The quality control of each dataset was performed using Sickle (version 1.33, https://github.com/najoshi/sickle). The 3′-ends of reads and 5′-ends of reads were trimmed, and the low-quality bases (quality score < 20), short reads (< 50 bp), and “N” records were removed. After quality control, the reads were aligned to the bovine genome (bosTau8 3.7, DOI: https://doi.org/10.18129/B9.bioc.BSgenome.Btaurus.UCSC.bosTau8) using BWA v0.7.1 (http://bio-bwa.sourceforge.net) to filter out host DNA [58]. The filtered reads were then de novo assembled using Megahit v1.1.2 (http://www.l3-bioinfo.com/products/megahit.html) [59]. The assembled contigs were annotated to open reading frames (ORFs) using MetaGene v0.3.38(http://metagene.cb.k.u-tokyo.ac.jp/) [60]. Assembled contigs were pooled, and non-redundancies were constructed using CD-HIT (95% identity, 90% coverage) (http://www.bioinformatics.org/cd-hit/) [61]. Original sequences were mapped to predicted genes (non-redundancies) to estimate their abundances using SOAPaligner v2.21 (http://soap.genomics.org.cn/) [62].

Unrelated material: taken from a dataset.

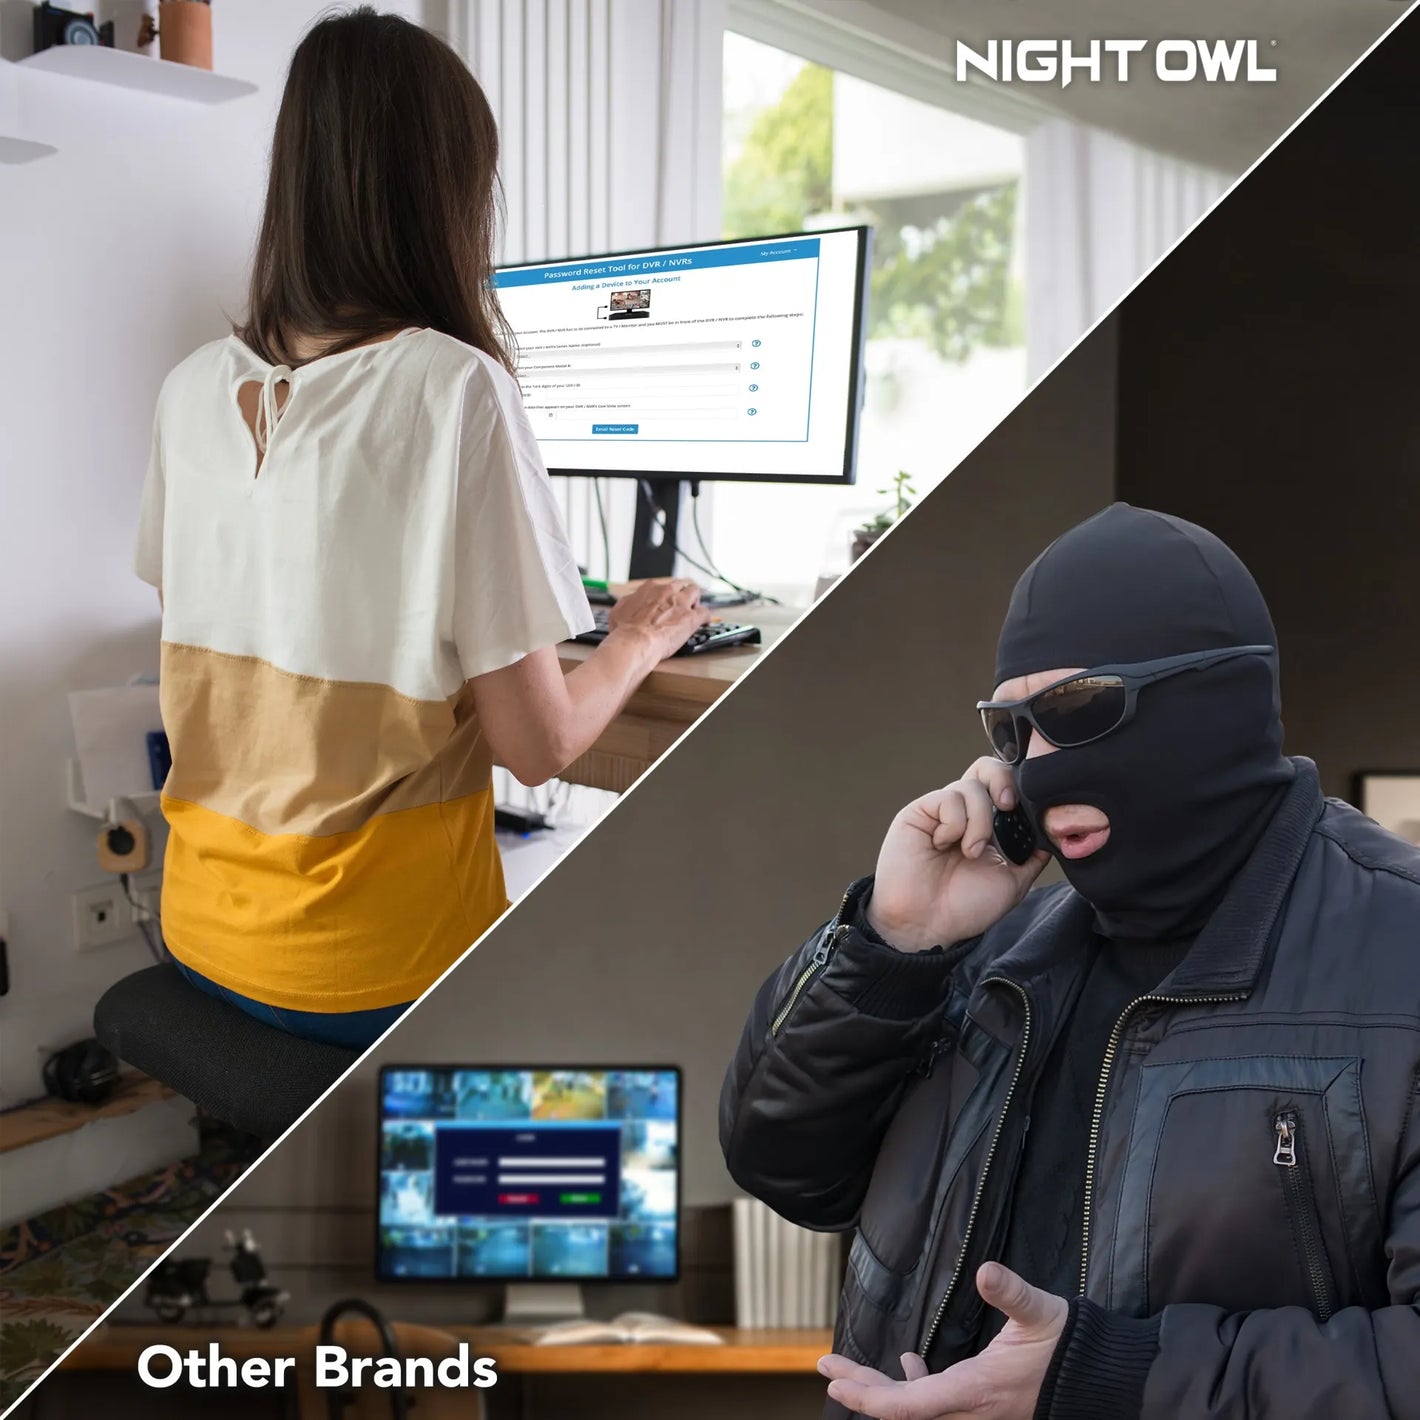 split screen show the safety of night owl vs other brands

ARG identification and resistome analysis

Contigs were annotated using DIAMOND v0.8.35 (http://ab.inf.uni-tuebingen.de/software/diamond) against the CARD Database v3.0.7 (https://card.mcmaster.ca) with an E value of 1e-5 and 90% coverage to identify the ARGs [63]. The CARD database provides a list of the antimicrobial resistance mechanisms, including a majority of 7 categories [63], and such information was utilized to identify the mechanisms of specific ARGs in our dataset. The classification of ARG classes and resistance mechanisms were utilized by Krona (https://github.com/marbl/Krona/wiki). The read counts within each sample were normalized into CPM for downstream analysis. The alpha diversity indices were calculated using the normalized read counts of ARGs. Beta diversity (principal component analysis [PCA]) using Bray-Curtis dissimilarity and RDA were performed based on the normalized read counts. Cows were clustered based on the rumen ARGs using the Jensen-Shannon distance and partitioning ARGund medoid (PAM) clustering [47]. The optimal number of clusters was estimated based on the Calinski-Harabasz (CH) index, and the clustering was represented using the principal coordinate analysis (PCoA) plot.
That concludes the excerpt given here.